Amongst the different properties, the intersection ($\cap$) is commutative and associative while difference ($\setminus$) is not. Namely it is generally true that:
$A\cap B=B\cap A\\ A\setminus B\neq B\setminus A$
and similarly: $A\cap (B\cap C) = (A\cap B)\cap C\\ A\setminus(B\setminus C)\neq (A\setminus B)\setminus C$
Here is the Wikipedia article on $\cup$, the Wikipedia article on $\cap$, and the Wikipedia article on $\setminus$.
Given two sets $A$ and $B$, the sets $A\cup B$, $A\cap B$, and $A\setminus B$ are defined as $A\cup B=\{x\mid x\in A\;\text{ or }\;x\in B\}$ $A\cap B=\{x\mid x\in A\;\text{ and }\;x\in B\}$ $A\setminus B=\{x\mid x\in A\;\text{ and }x\notin B\}$ For example, if $A=\{1,2,3,4\}$ and $B=\{3,4,5,6\}$, then $A\cup B=\{1,2,3,4,5,6\},$ $A\cap B=\{3,4\},$ $A\setminus B=\{1,2\}.$
(Answer to the edited question):
$\cap$ is for set intersection and $\backslash$ is for set difference. I'm sure you can look up the wikipedia entries for them.

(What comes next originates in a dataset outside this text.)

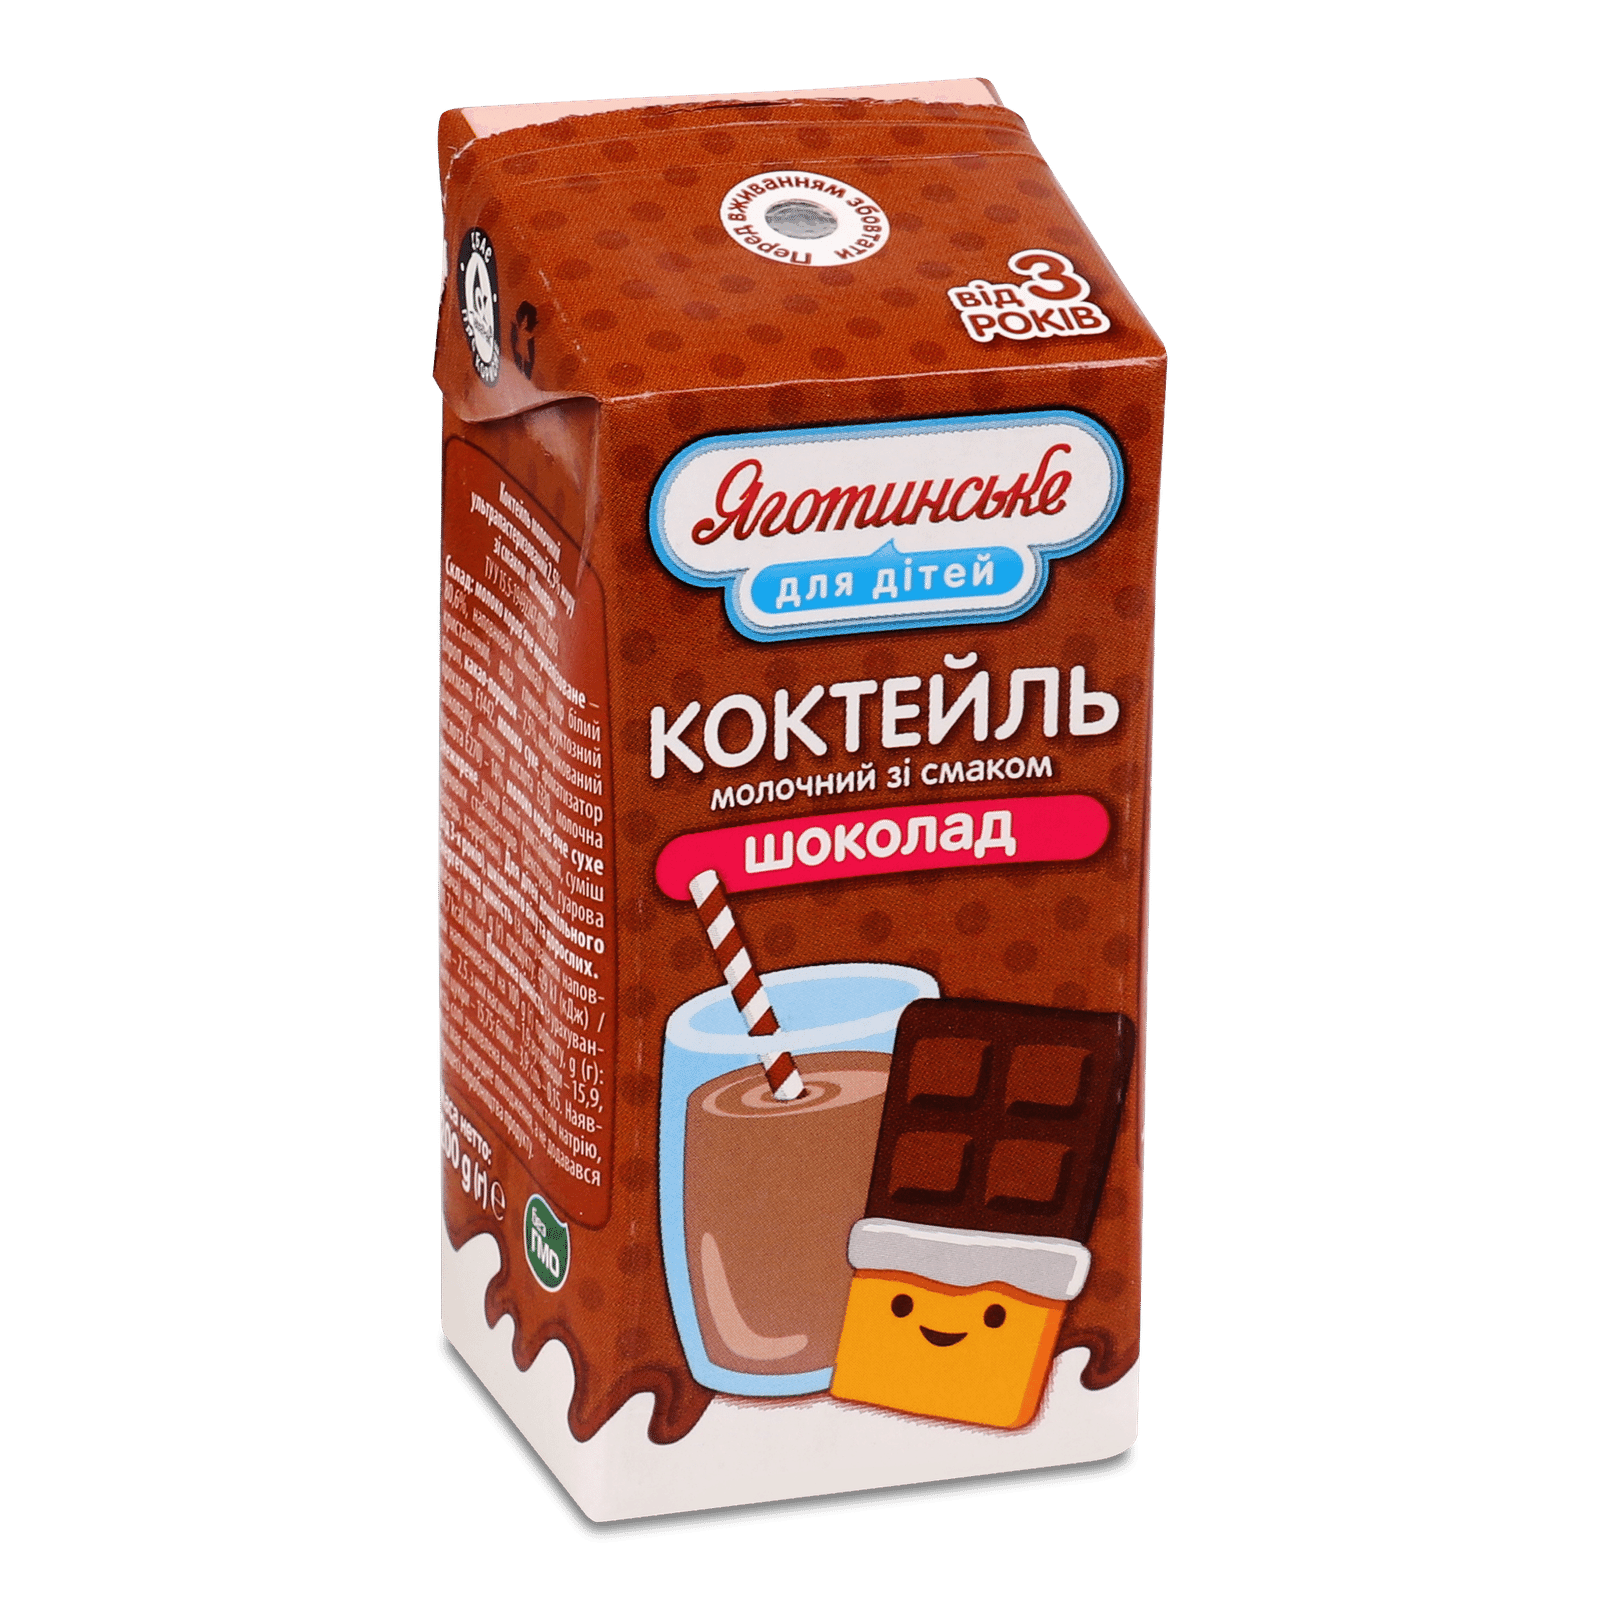 Коктейль молочний «Яготинське для дітей» «Шоколад» 2,5% - 1

Here is a more descriptive example:
Suppose $A$ is the set of families with pet cats, and $B$ is the set of families with pet dogs. $A \cap B$ will consist of families with at least one cat AND at least one dog. $A \backslash B$ will consist of families with at least one cat but NO dogs.
We have:
$A\cap B = \{x|x\in A \land x\in B\}$ $A\setminus B = \{x|x\in A \land x\not\in B\}$
from here we can say:
$A\cap B=A\setminus B^c=B\setminus A^c$ $A\cap B^c=A\setminus B=B^c\setminus A^c$
where:
$B^c=\{x|x\not\in B\}$